These labels were automatically added by AI and may be inaccurate. For details, see About Literature Database.
Abstract
Differential privacy (DP) has become the standard for private data analysis.
Certain machine learning applications only require privacy protection for
specific protected attributes. Using naive variants of differential privacy in
such use cases can result in unnecessary degradation of utility. In this work,
we refine the definition of DP to create a more general and flexible framework
that we call feature differential privacy (FDP). Our definition is
simulation-based and allows for both addition/removal and replacement variants
of privacy, and can handle arbitrary and adaptive separation of protected and
non-protected features. We prove the properties of FDP, such as adaptive
composition, and demonstrate its implications for limiting attribute inference
attacks.
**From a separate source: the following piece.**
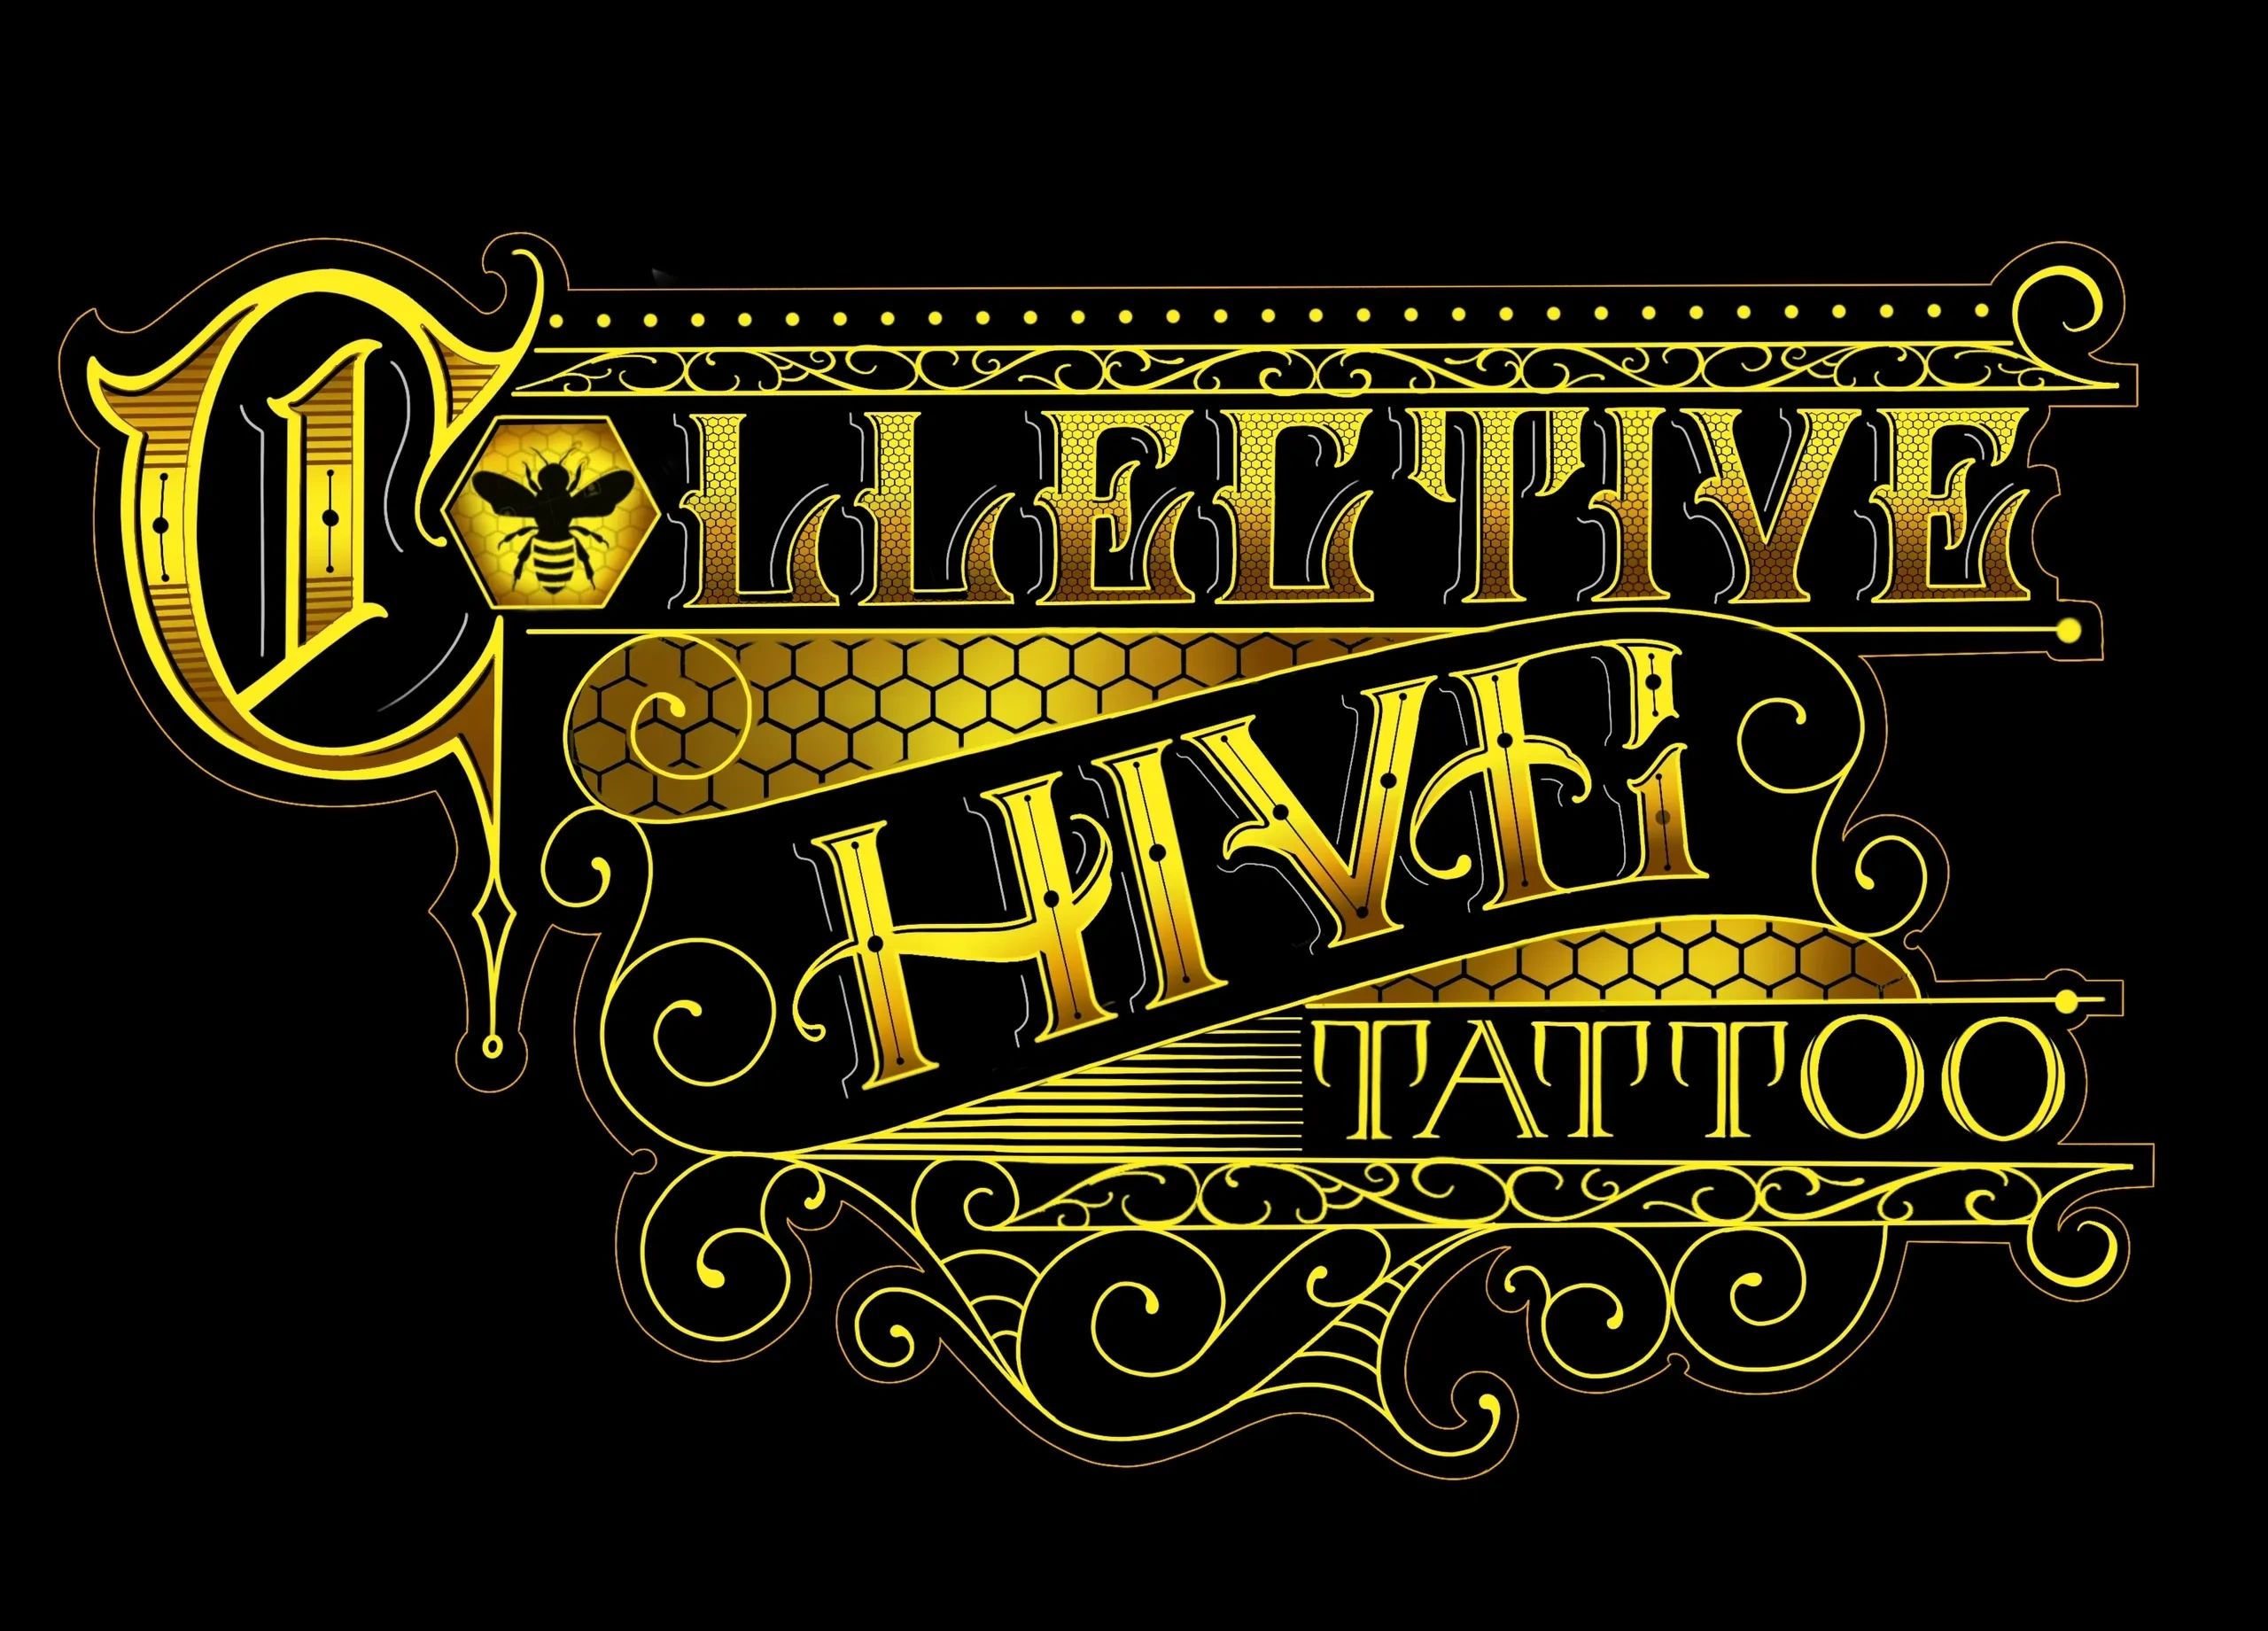 Black Hive Tattoo  Custom Only Tattoo Studio  Jacksonville FL

We also propose a modification of the standard DP-SGD algorithm that
satisfies FDP while leveraging desirable properties such as amplification via
sub-sampling. We apply our framework to various machine learning tasks and show
that it can significantly improve the utility of DP-trained models when public
features are available. For example, we train diffusion models on the AFHQ
dataset of animal faces and observe a drastic improvement in FID compared to
DP, from 286.7 to 101.9 at $\epsilon=8$, assuming that the blurred version of a
training image is available as a public feature. Overall, our work provides a
new approach to private data analysis that can help reduce the utility cost of
DP while still providing strong privacy guarantees.